Pot smoking and freedom: ‘Murica!

My latest Tuesday column over at RealClearHistory takes aim at the history of marijuana in the United States. I’ve got a 600 word limit, but hopefully I packed in plenty of info. Here’s an excerpt:

During the much-loathed Prohibition era (1920-33), marijuana was targeted along with alcohol and other substances deemed immoral by bootleggers and Baptists. Unlike alcohol, which was re-legalized in 1933, marijuana ended up in a legal limbo that continues to this day. The legal, political, economic, and cultural battles surrounding marijuana use in the United States have helped shape three generations of lawyers, businesspeople, activists, academics, and medical professionals.

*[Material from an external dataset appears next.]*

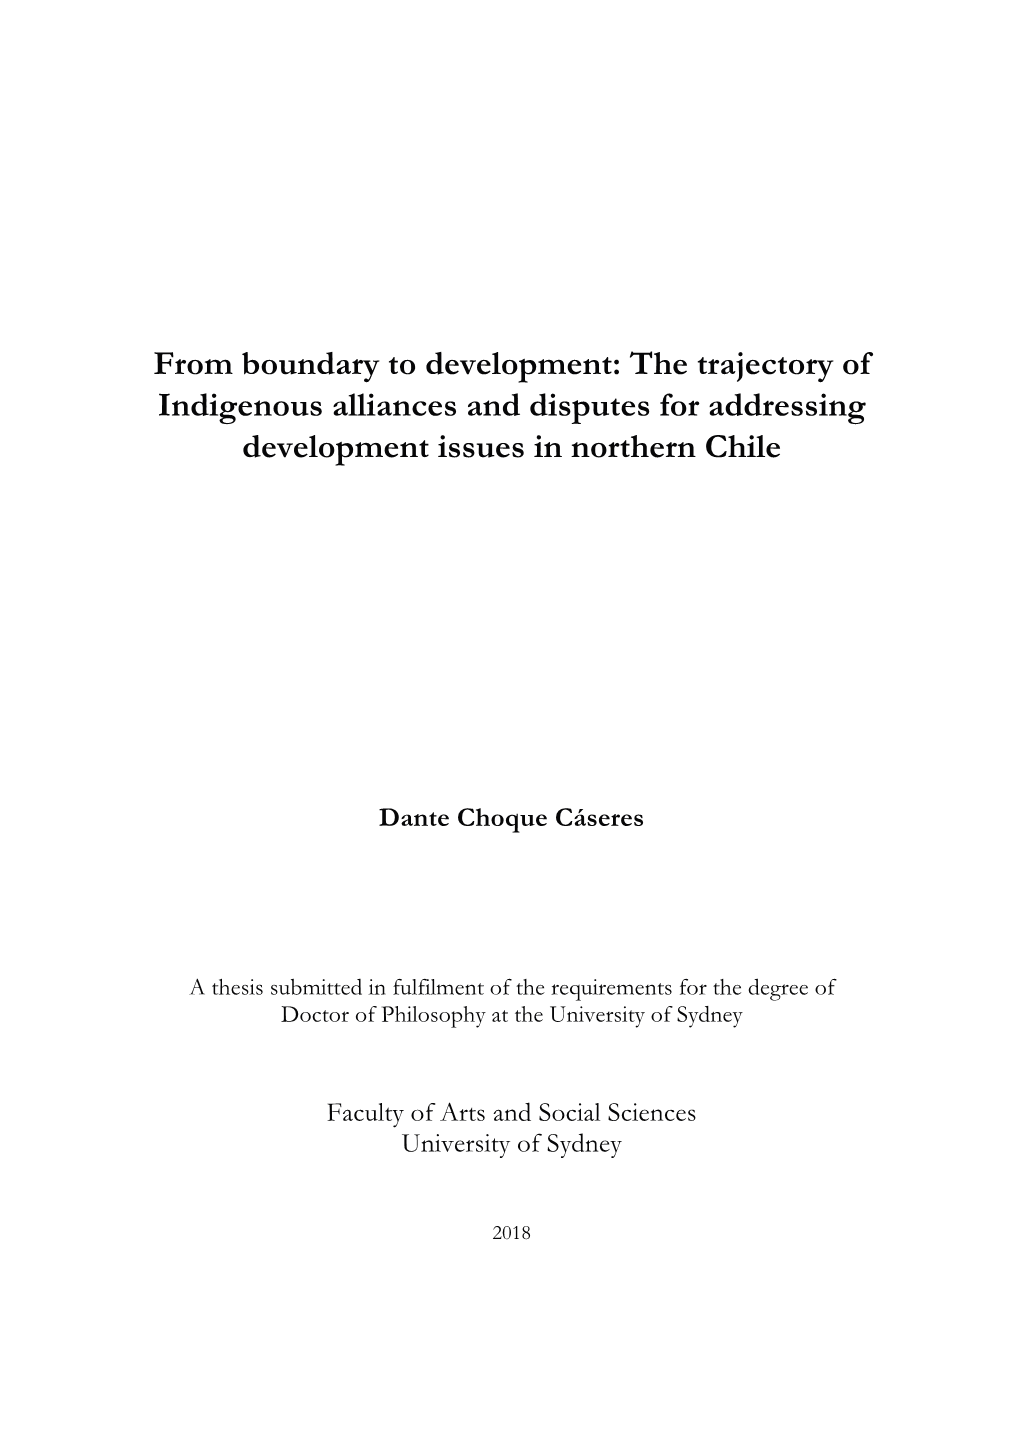 The Trajectory of Indigenous Alliances and Disputes for Addressing Development Issues in Northern Chile

Thanks to the questions posed by marijuana prohibition, rigorous and creative arguments in favor of the drug’s legalization have contributed to a better understanding of our federal system of government, of Judeo-Christian morality, and non-Western ethical systems (pot-smoking “Buddhists” are practically cliche today), of the human body and especially the brain, of global trading networks throughout history, and of intercultural exchange and communication. Freedom still defines us as a society. Freedom binds Americans together. Freedom drives our conversations and our institutional actors. This may be difficult to remember as the news cycle grows ever more sensational, but this quiet, humble truth still remains.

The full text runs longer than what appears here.